Wie ich gerade erfahren habe, war heute kurz vor Arbeitsbeginn ein kurzer Stromausfall -> die Workstations sind alle abgestürzt (Server nicht wegen USV). Vielleicht hilft das?


----------



## Johannes Postler (30. März 2004)

Ok, das Problem hat sich gelöst. Es hing mit der Zeitumstellungen zusammen - also ein Bug im Programm. Sollte jemand den Patch brauchen, einfach melden.


----------



## Sturgis (3. April 2004)

Hallo Johannes,  

ich habe genau das gleiche Problem und bin beim googeln nach einer Lösung auf Deinen Beitrag hier gestossen. 

Kannst Du mir den Patch zukommen lassen? 


Viele Grüße, 
Sturgis


----------



## Johannes Postler (3. April 2004)

Ja, sicher. 
Ich werde den Patch online stellen, für den Fall, dass ihn noch mehrere Leute benötigen:
Patch-Download


----------



## Sturgis (3. April 2004)

> _Original geschrieben von Johannes Postler _
> *
> Ich werde den Patch online stellen, für den Fall, dass ihn noch mehrere Leute benötigen:
> *



Klasse! Vielen Dank für die rasche Hilfe!  

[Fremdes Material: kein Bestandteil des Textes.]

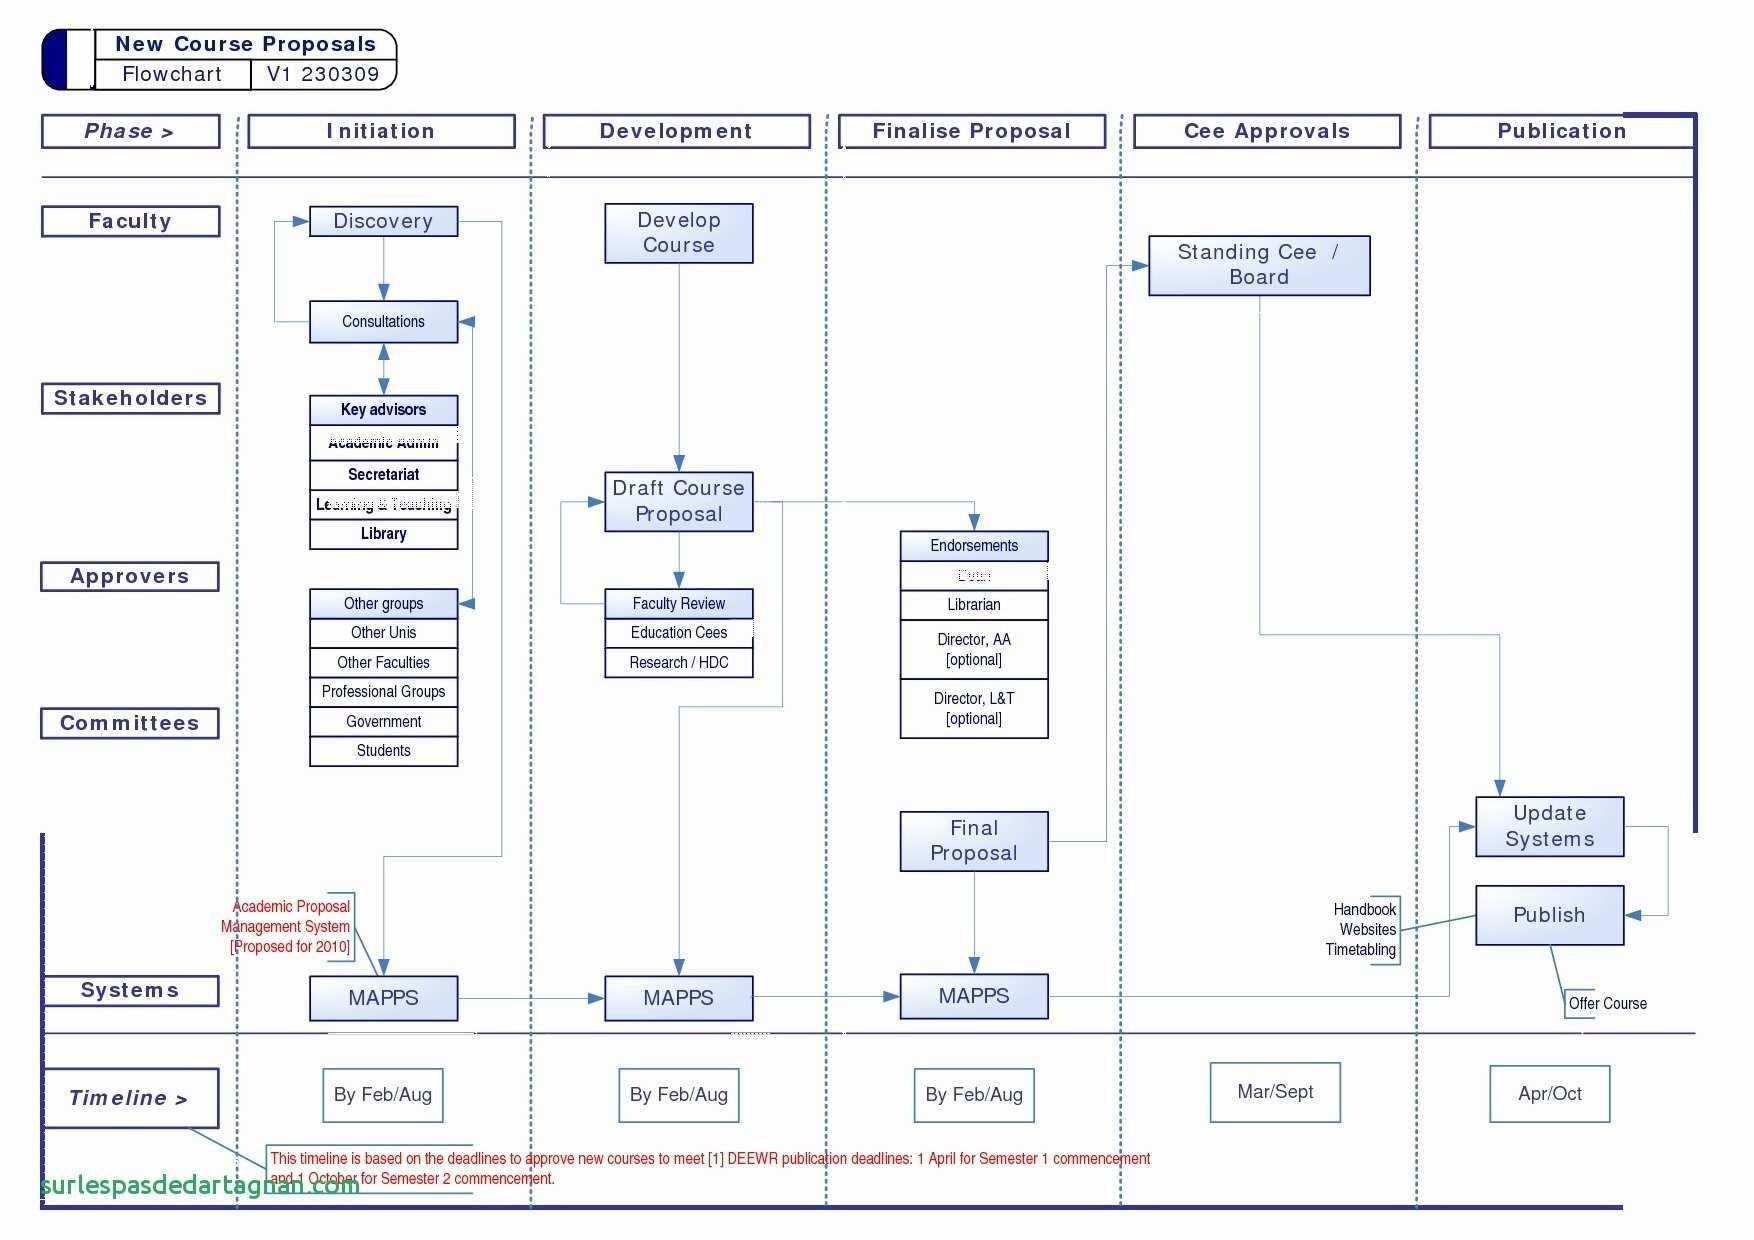 All Wheel Drive Diagram Project Schedule Gantt Chart Template ¢Ë†Å¡ Sample Flow Chart Of All Wheel Drive Diagram

Hast Du noch eine Anleitung wie der Patch eingespielt wird? 


Grüße, 
Sturgis


----------



## Johannes Postler (3. April 2004)

Ganz einfach die EXE-Datei starten. Der Rest geht eigentlich von selbst.


----------



## Sturgis (3. April 2004)

Muß man vorher eTrust Antivirus beenden? 


Gruß, 
Sturgis


----------



## Johannes Postler (3. April 2004)

Nein, geht alles automatisch.
Eilig hast du's nicht, oder?


----------



## Sturgis (3. April 2004)

Sorry, ich wollte Dich nicht drängen, es ist nur so das ich gerade etwas Zeit dafür habe. 

Ich habe den Patch gerade probiert, aber es funktioniert nicht. 

InoTask.Exe spinnt weiterhin. Ich habe es jetzt mit gestartetem eTrust und auch ohne versucht. Btw, habe ich die eTrust Antivirus Version 7.0.139 (dafür sollte der Patch den Angaben nach geeignet sein - fällt Dir noch was ein?). 

Hilft also nichts, dann werde ich mich wohl direkt an CA wenden müssen. 


Auf alle Fälle möchte ich Dir herzlich für die schnelle Hilfe danken! 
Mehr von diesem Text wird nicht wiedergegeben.